Apesar das esperanças de conservação através do surf nos Açores, assistimos também ao que acontece quando os ecossistemas do surf não são priorizados e o valor do surf não é reconhecido pelos decisores. Rabo de Peixe, na ilha de São Miguel, foi uma das ondas mais consistentes dos Açores e infelizmente foi perdida para um porto de pesca. A comunidade da ilha Terceira está a lutar contra um projeto de urbanização costeira do Terreiro, na costa sul da ilha, que vai mudar para sempre uma onda célebre.

Porto de Rabo de Peixe
Foto de Ryan “Chachi” Craig

Estas ameaças e perdas destacam a importância de envolver a comunidade do surf nos processos de tomada de decisão locais.

Apesar desses desafios, a nossa viagem reafirmou, pessoalmente, a minha esperança em pequenas ações e movimentos que promovem grandes mudanças para as próximas gerações.

Através dos surfistas, podemos ajudar a reconhecer e expressar plenamente os imensos valores culturais, económicos e recreativos que os spots de surf têm nos Açores.

É por isso que precisamos priorizar e proteger os ecossistemas do surf agora, enquanto podemos, para que a economia do surf, a natureza e as pessoas possam prosperar no futuro.

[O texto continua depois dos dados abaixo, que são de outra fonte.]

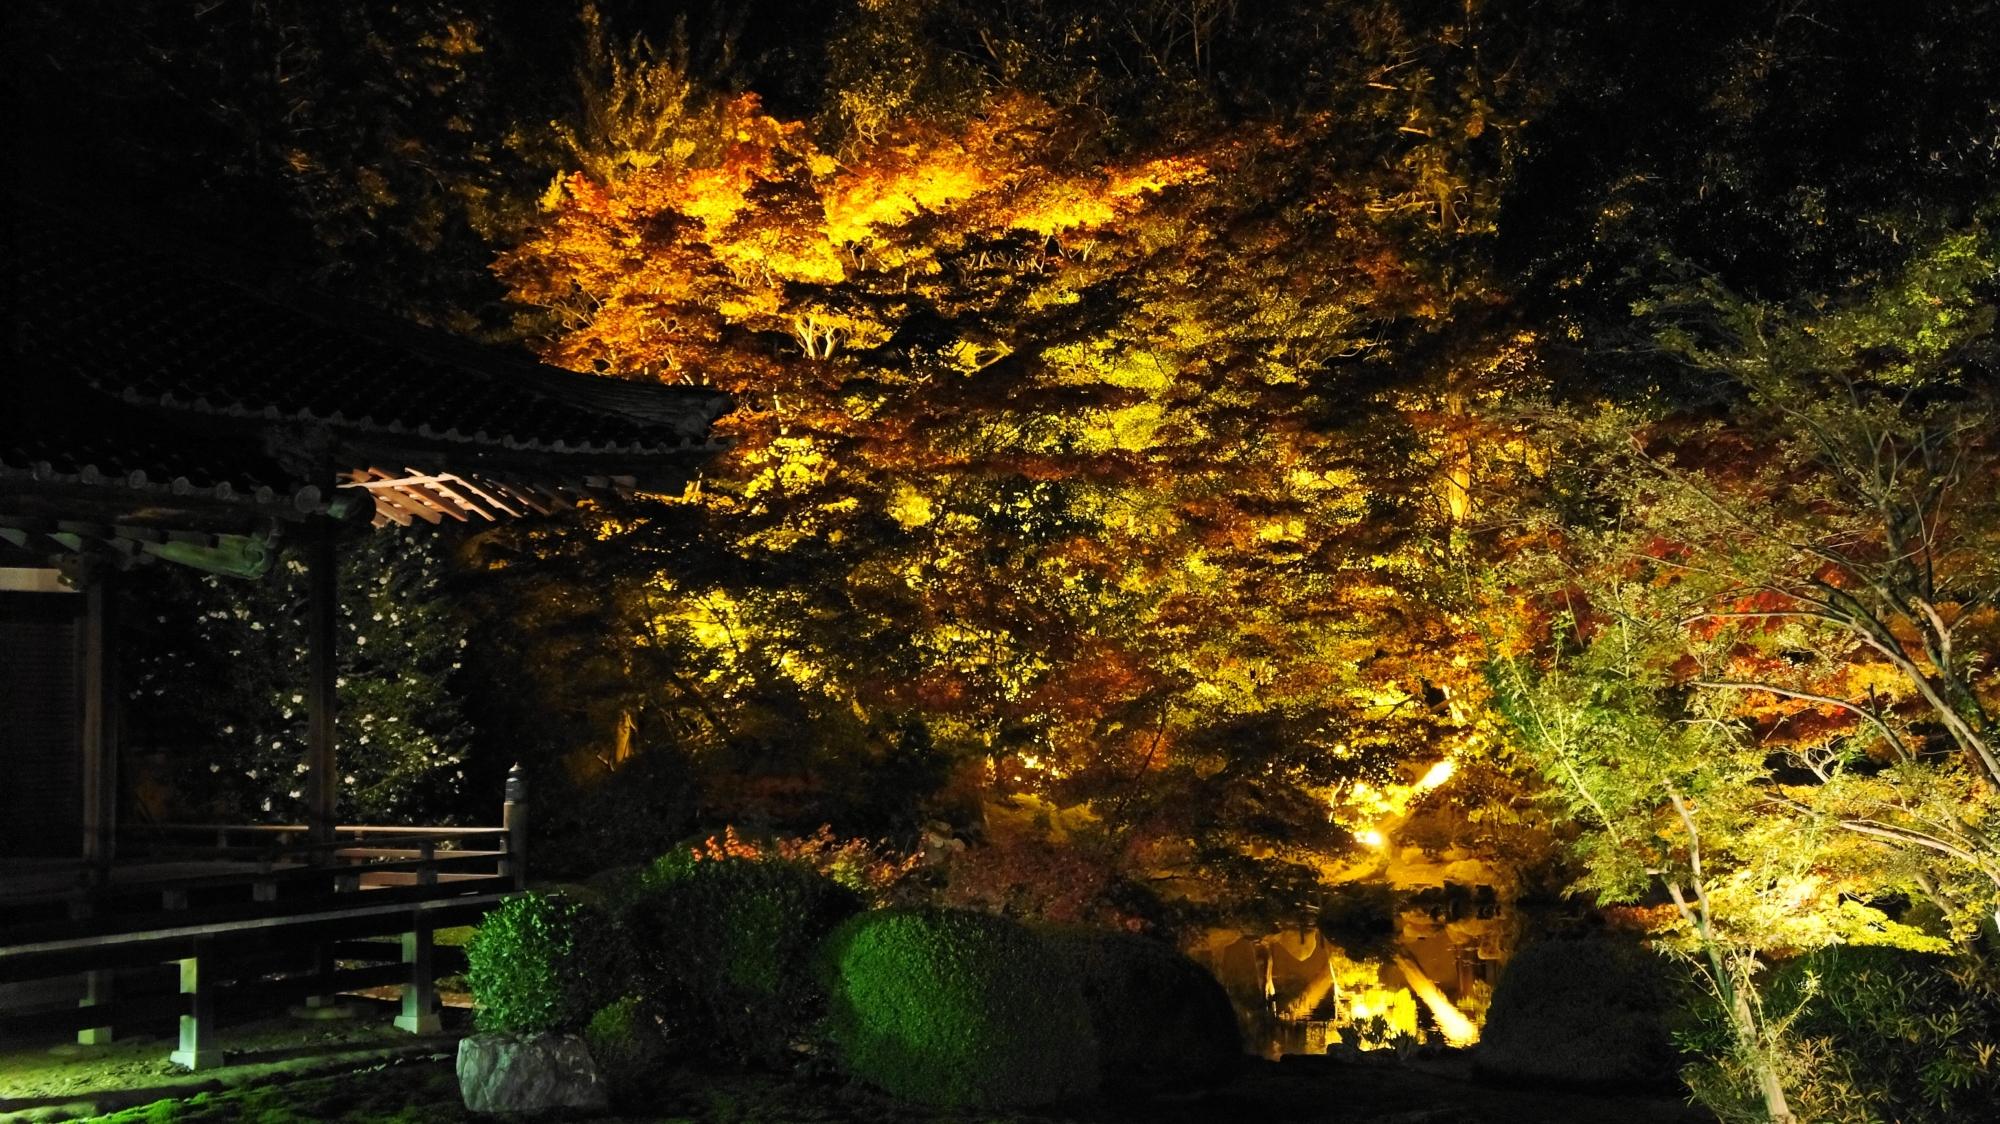 暗闇の中で浮かび上がる優雅な紅葉

Foram três semanas agitadas nos Açores e, através de uma equipa incrível, conseguimos estabelecer ligação com tantas pessoas e iniciar o processo de criação de uma Rede de Áreas Protegidas de Surf em todas as ilhas.

O trabalho continua. Mal posso esperar para voltar e continuar a nossa missão de proteger estes ecossistemas vitais do surf!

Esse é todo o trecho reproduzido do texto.